Жизнь пошла! Записная книжка его мобильника пополнилась новыми номерами, и вот уж Костя пил шампанское на осенних днях рождения, и чмокал, прощаясь, десяток девичьих щёк. Этот нежный женский обычай – прощания и встречи закреплять поцелуем, уступал, по его мнению, рукопожатию, но всё же был лучше, чем ничего, поскольку символизировал братство.
Костя словно бы очутился в эпицентре приветливости и забыл, что гуляет по институту зайцем. Но однажды произошло событие из рода штормов, разметавшее в клочья его уютное донжуанство и шутовство.Как-то раз на перемене между парами Костю одолел музыкальный демон. Устроившись на подоконнике, на этой широкой, белой студенческой палубе, он наигрывал публике «Гаудеамус» и что-то жалобное из Бетховена. Костя играл горячо и грязно, уходил в импровизацию, законов которой не знал. Дерзость заменяла ему технику, слух – теорию. Поклонницы были довольны.
В разгар перфоманса и вторгся к нему, без спроса подсел на подоконник его условный однокурсник Женька.
– Я почитал, чего ты там девчонкам пишешь, – начал он дружелюбно. – Очень классно.
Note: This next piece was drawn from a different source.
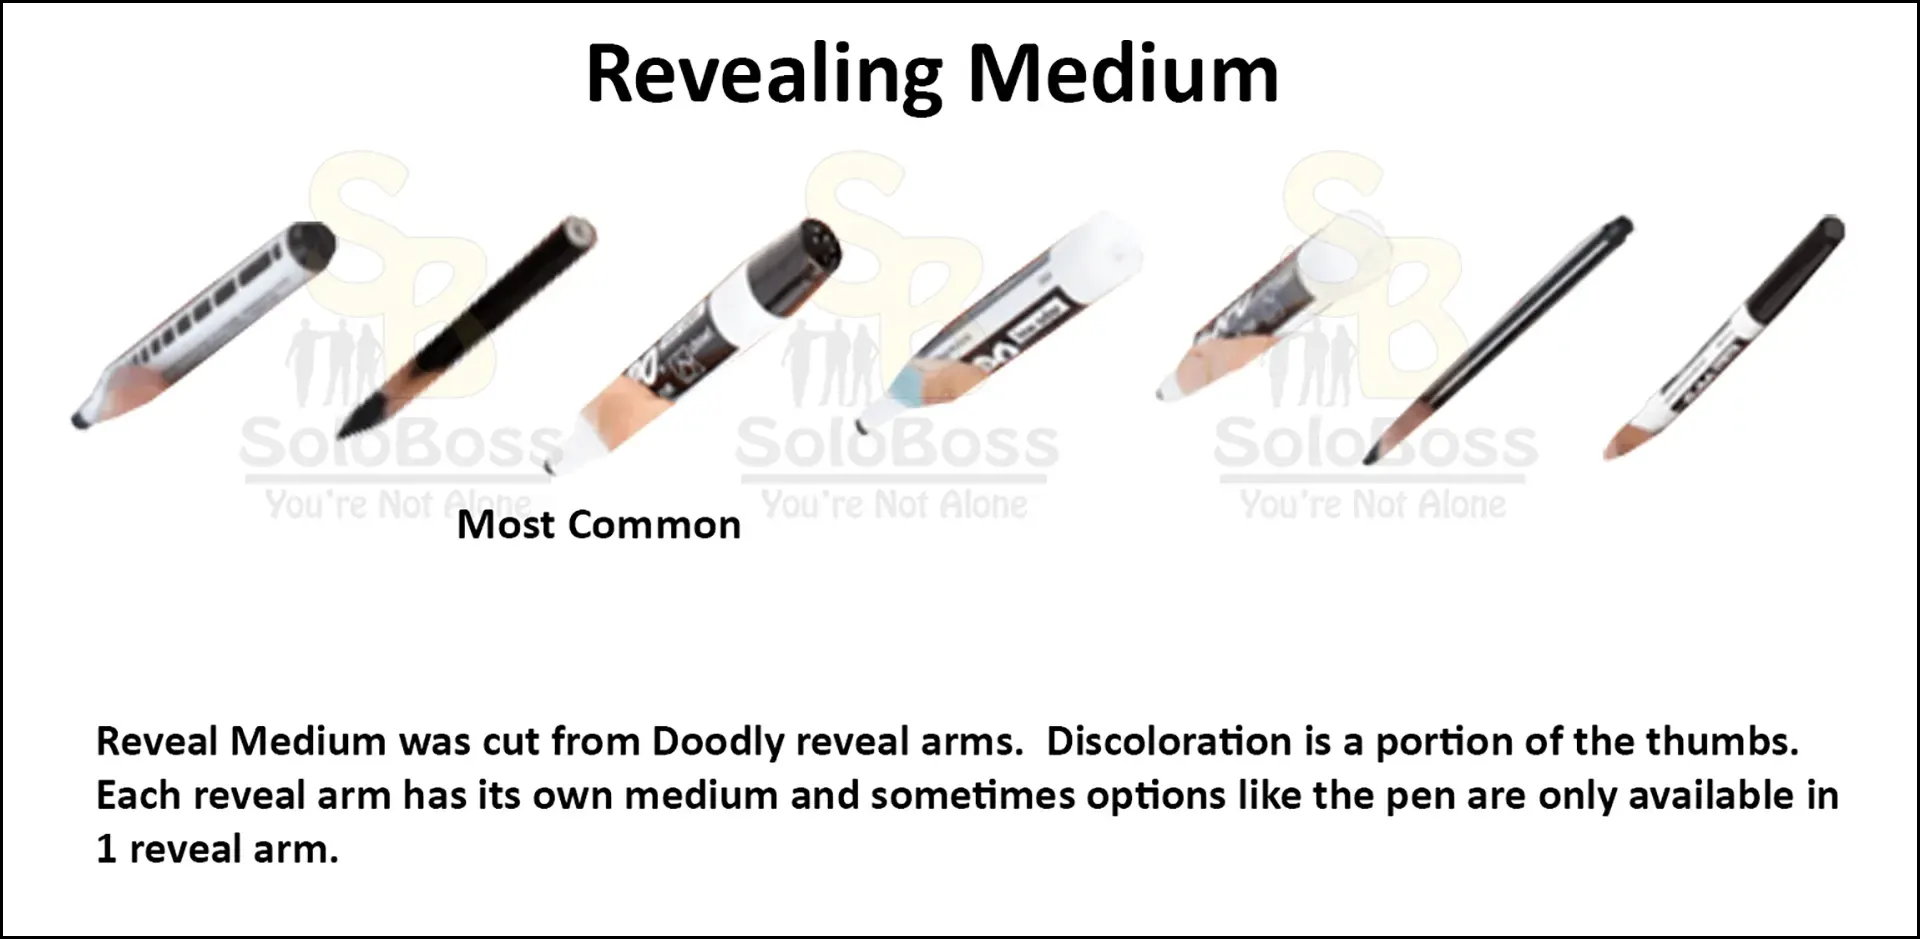 Showing the various types of drawing medium in Doodly.

Мне понравилось. У меня брат – Фолькер, слышал? Нам для сайтов нужны острые авторы.
Слышал ли Костя? Весь путь к институту был увешан рекламой этого ненормального парня. «Экология», «нет – наркотикам», «права животных», а так же «школа игры на гитаре» и «клуб любителей экстремальных видов спорта» – всё было собрано в кучу и букетом преподносилось ошалелому зрителю: записался ли он в добровольцы? Если нет – заходи на «www…».
Женька держался в масть брату и был заметен. Он носил кепки, каски, панамы, шапки и шапочки, водолазные и авиаторские очки, наручные, нашейные и поясные часы, компасы, и прочую дребедень. На время лекций Женька складывал доспехи в рюкзак и становился вежливым рассудительным мальчиком. Впрочем, и в очках, и в касках он тоже был вежлив и рассудителен. Авторитет его подкреплялся тем, что он охотно подвозил сокурсников к метро на своём практически новом «харлее».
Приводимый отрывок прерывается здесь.